Transcribe the listing underneath, keeping each word exact and omitting the images.

Material provided:
============

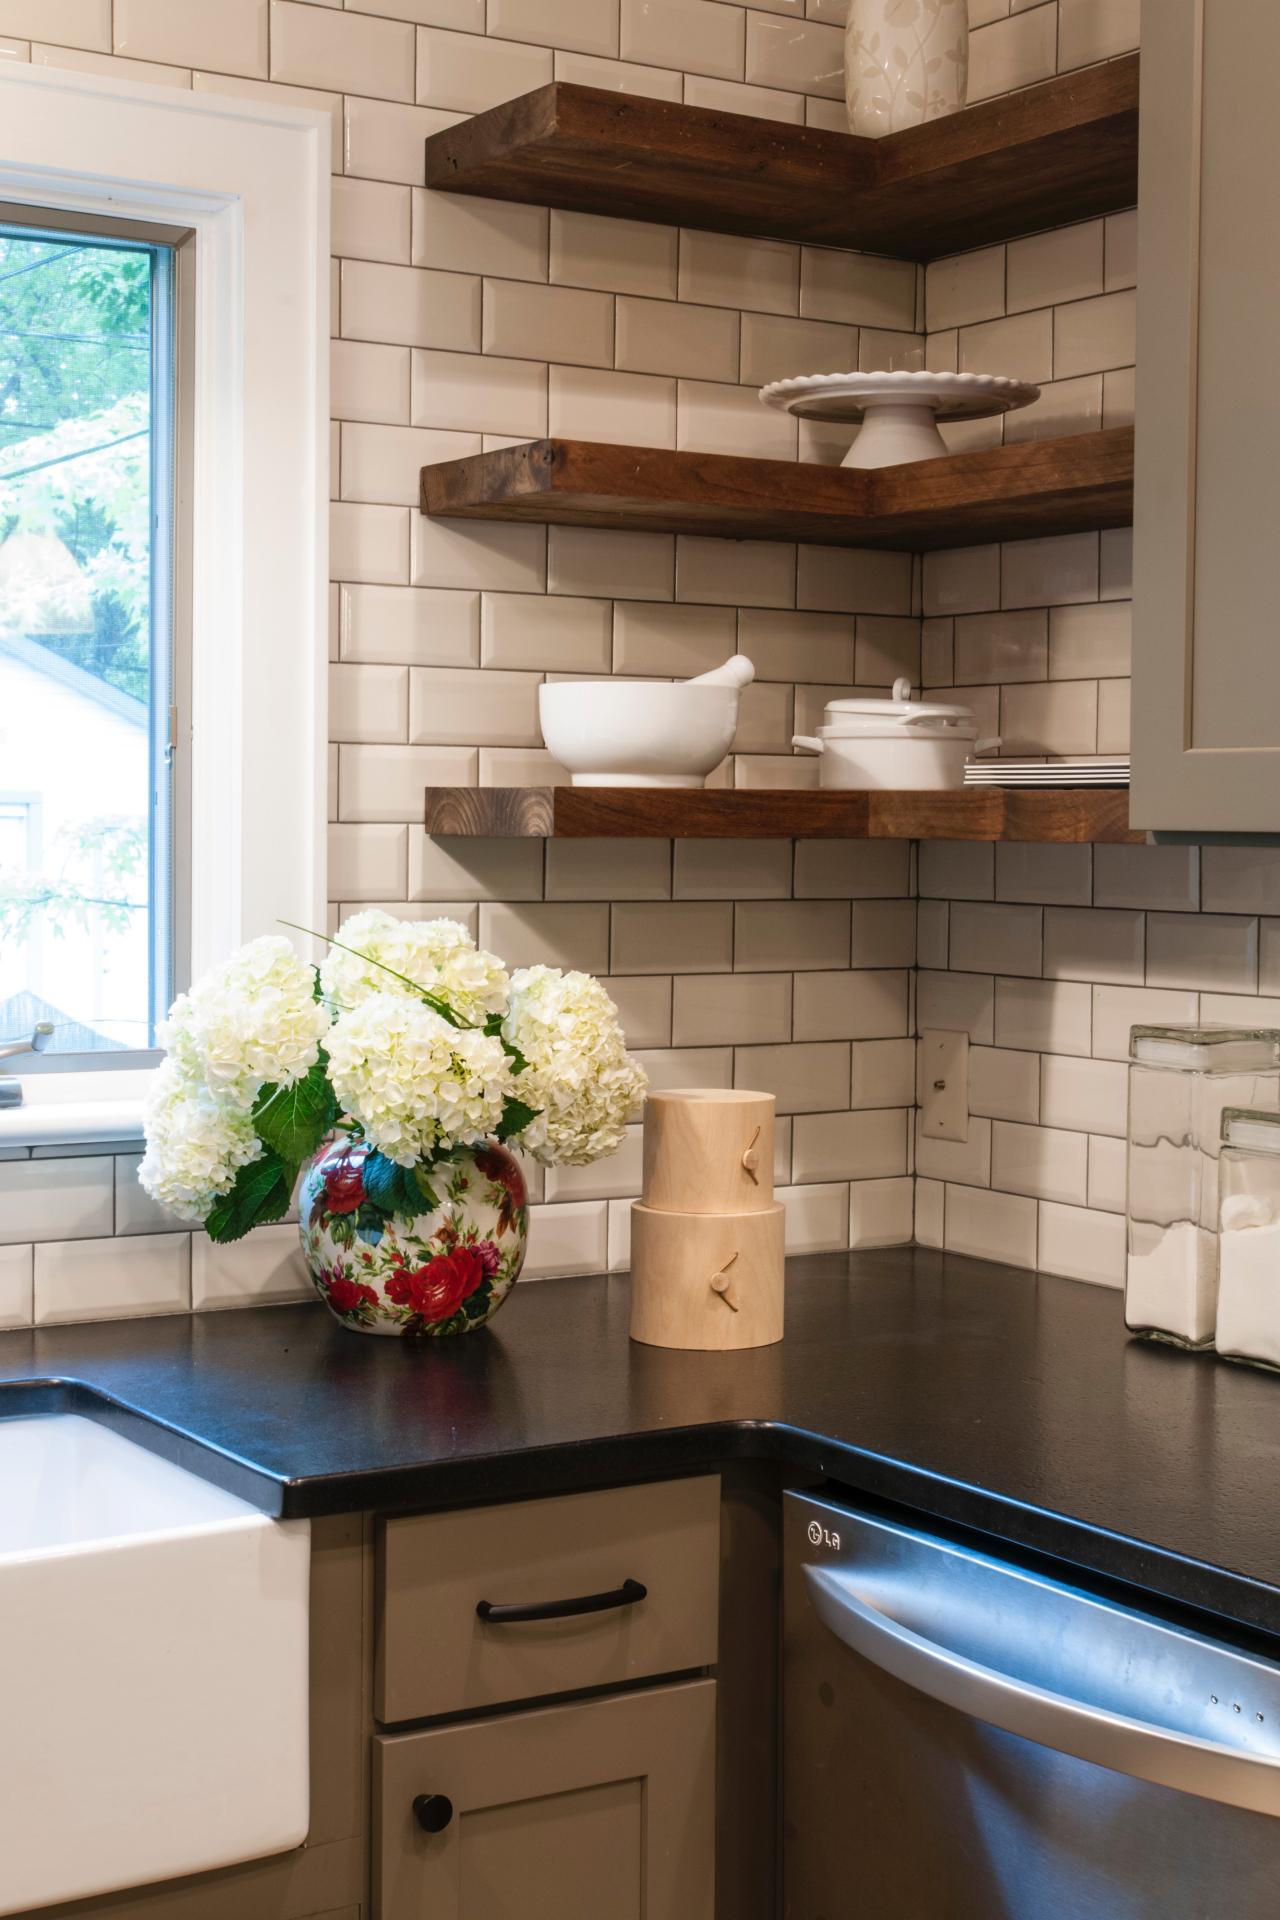 Kitchen shelves: ideas for floating, pull-out, and wall-mounted shelves
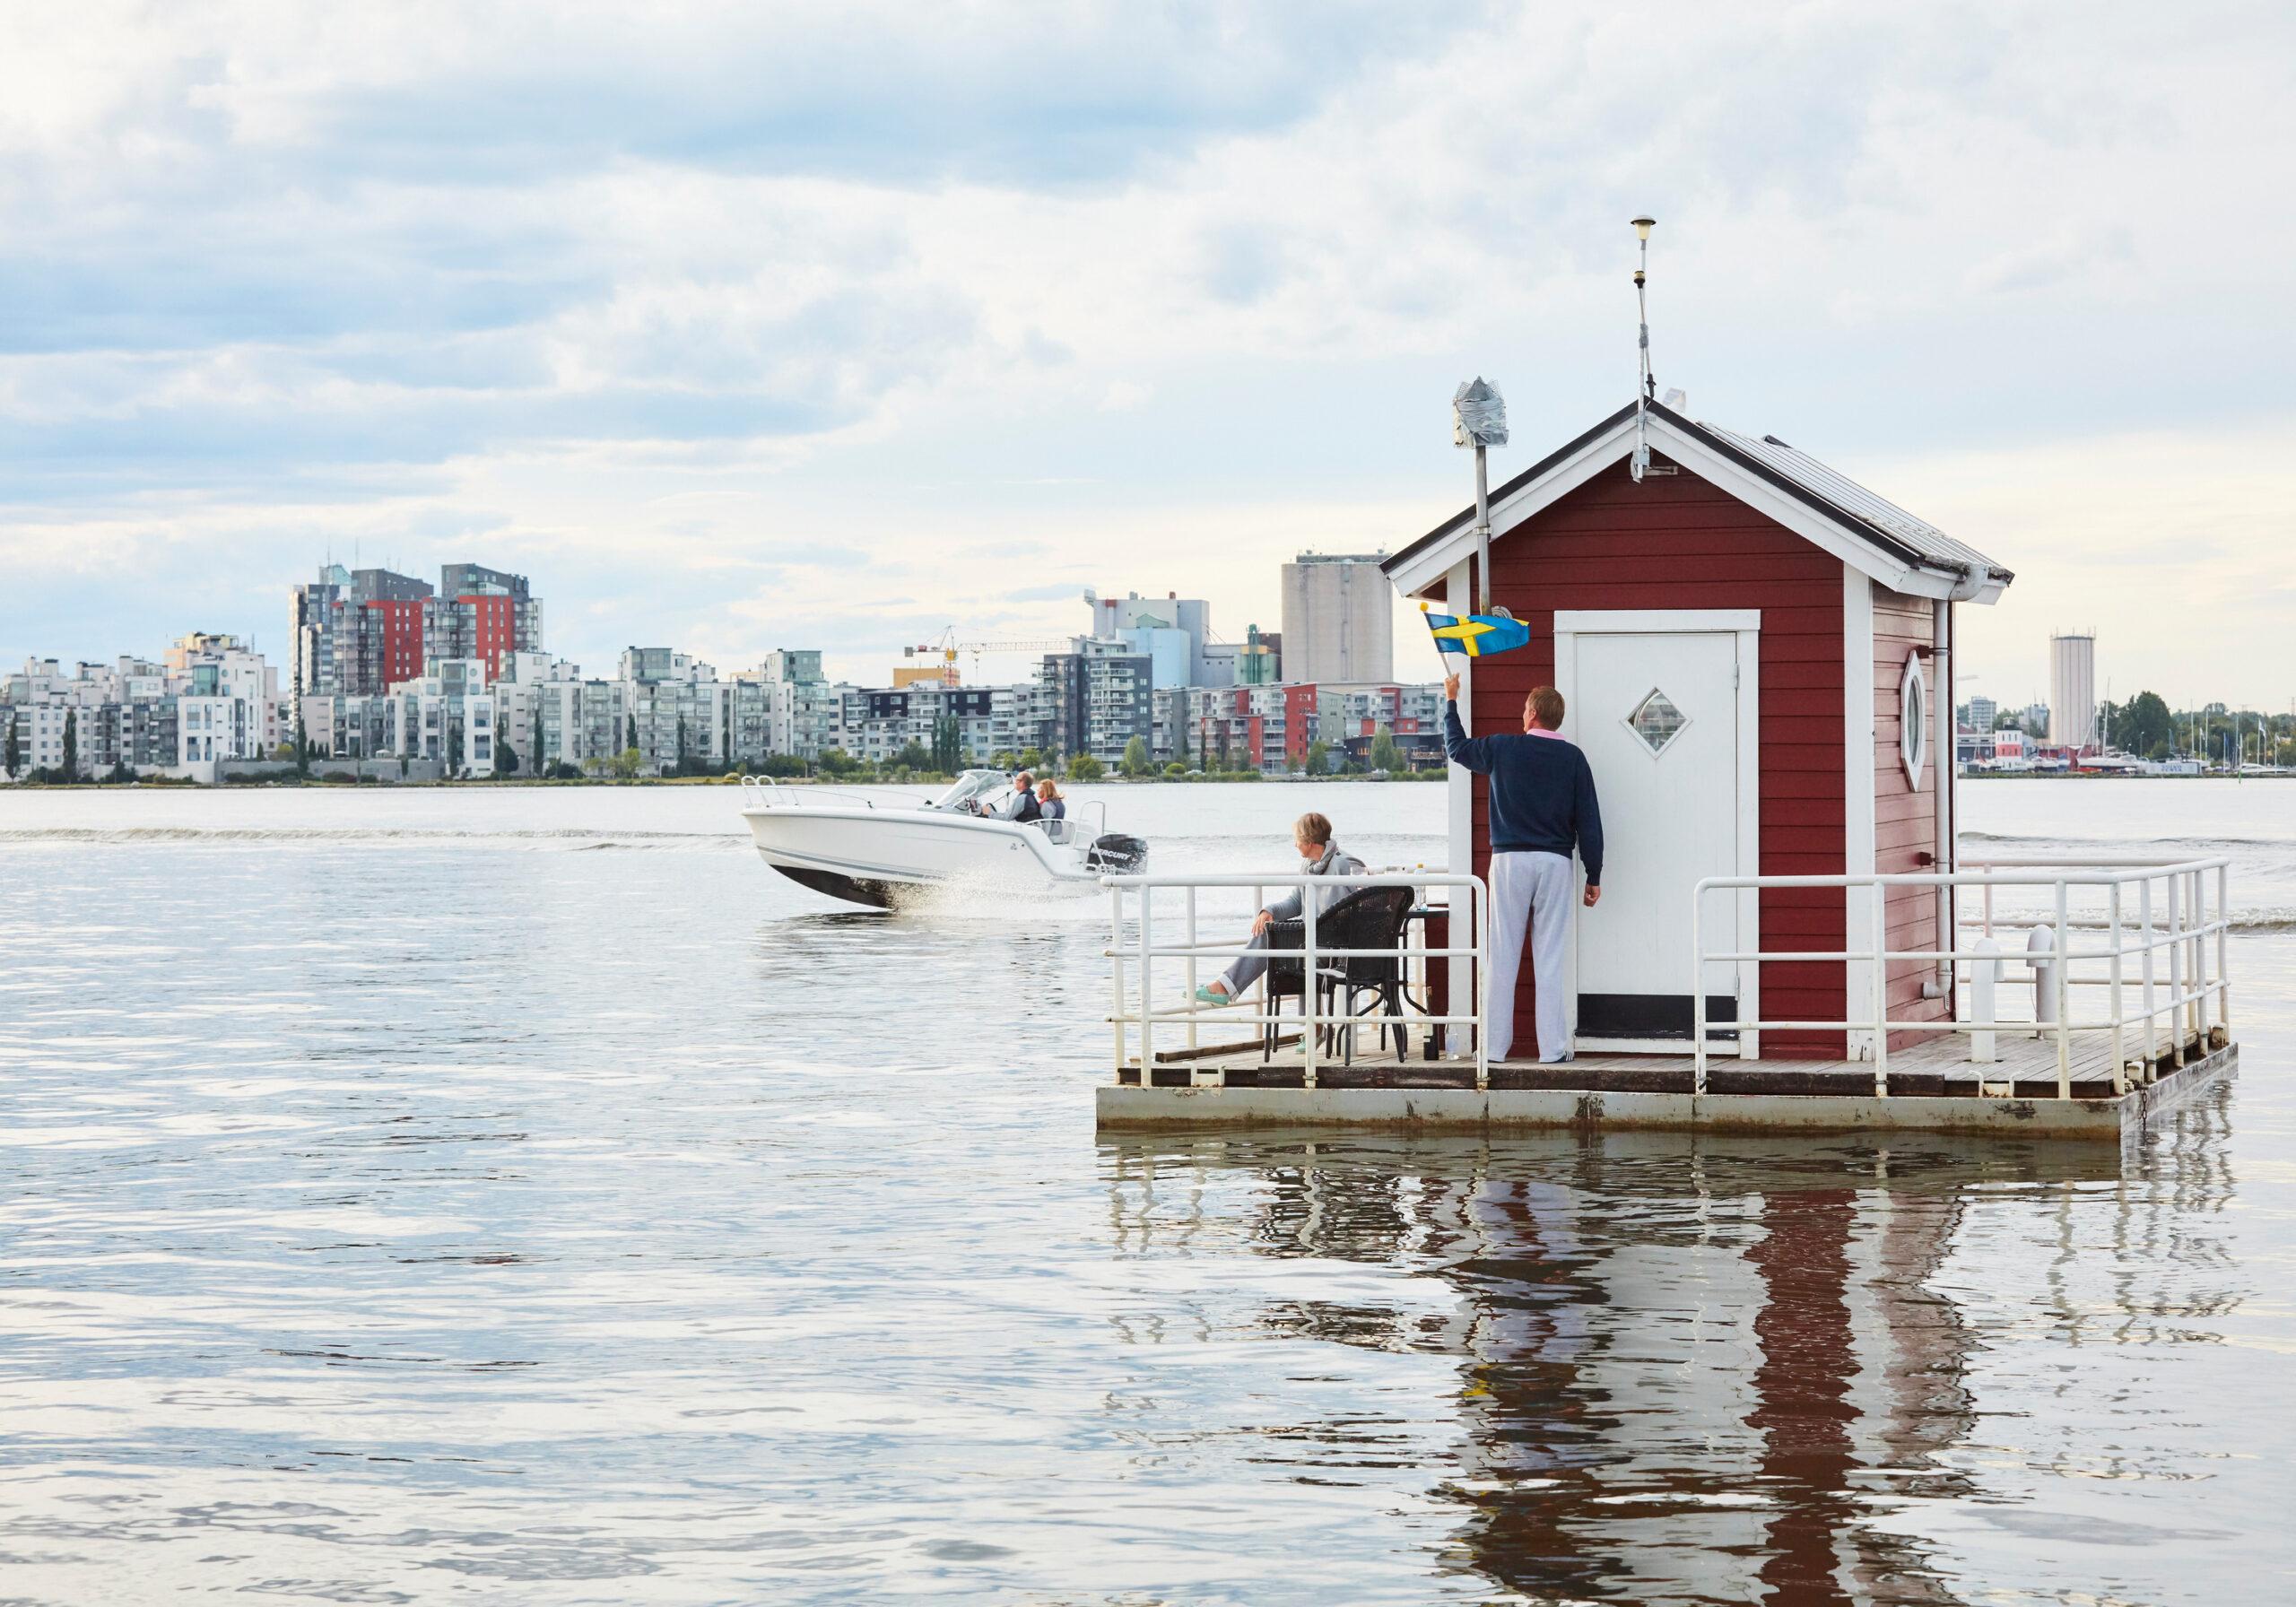 A tiny red cottage with a wooden deck around it floating on water, a city in the background.
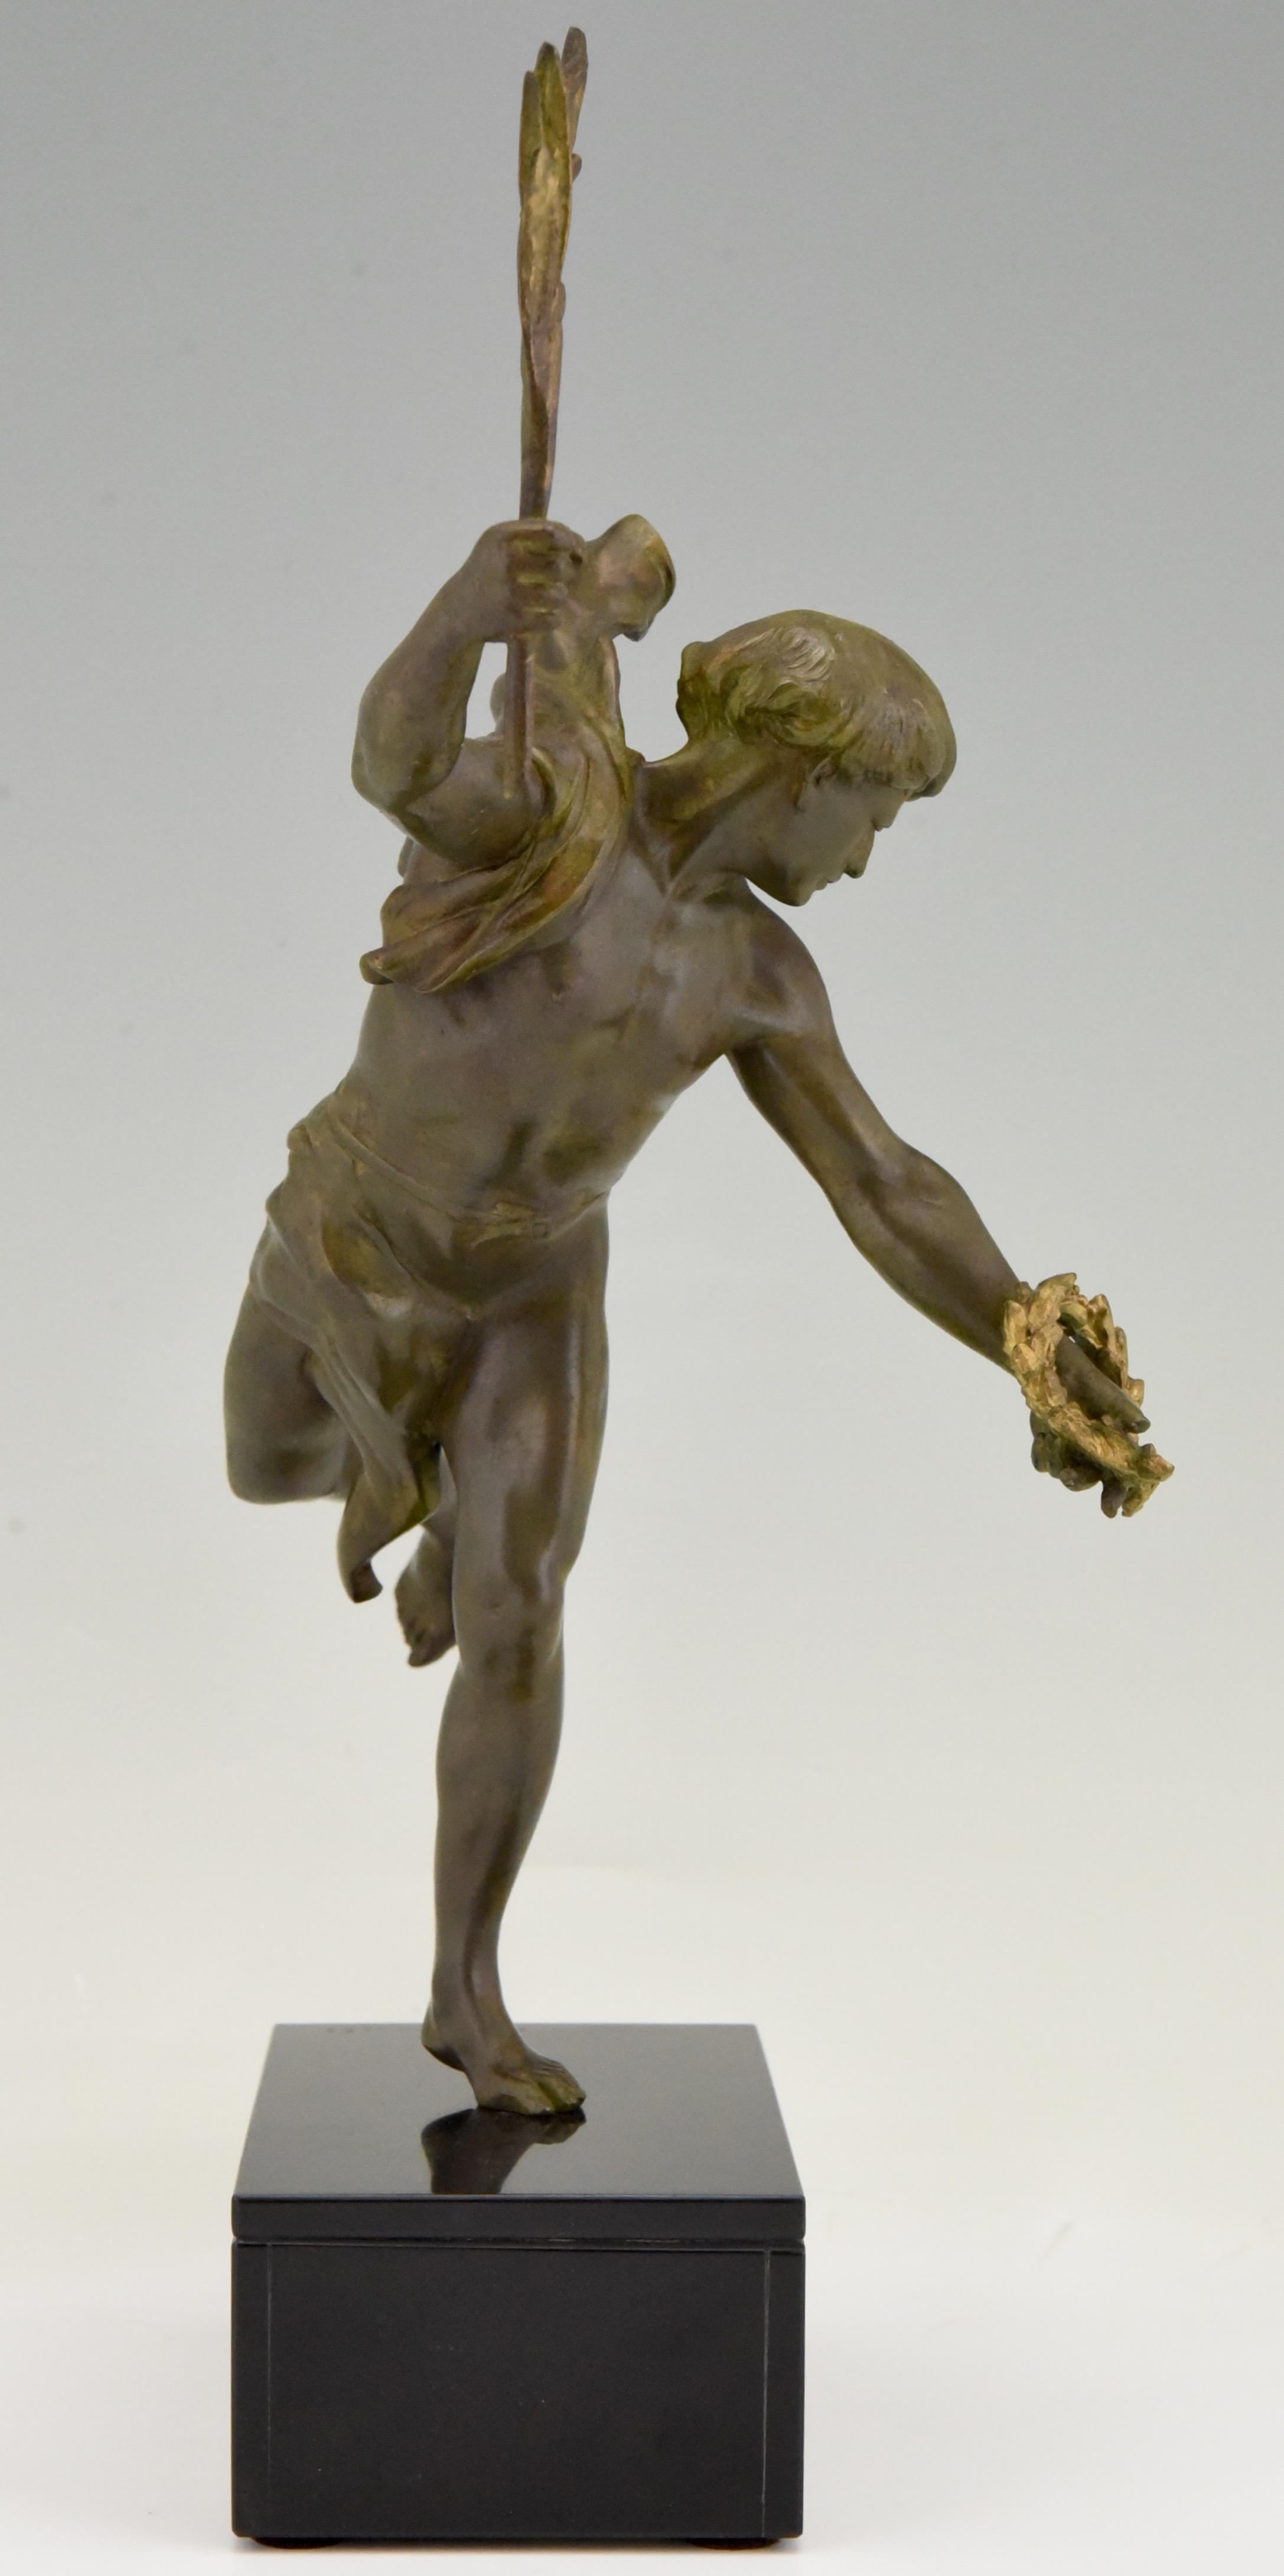 French Antique Sculpture of a Man with Laurel Branch by E. Picault ca. 1900

============

Reply:
 Kitchen shelves: ideas for floating, pull-out, and wall-mounted shelves
 A tiny red cottage with a wooden deck around it floating on water, a city in the background.
 French Antique Sculpture of a Man with Laurel Branch by E. Picault ca. 1900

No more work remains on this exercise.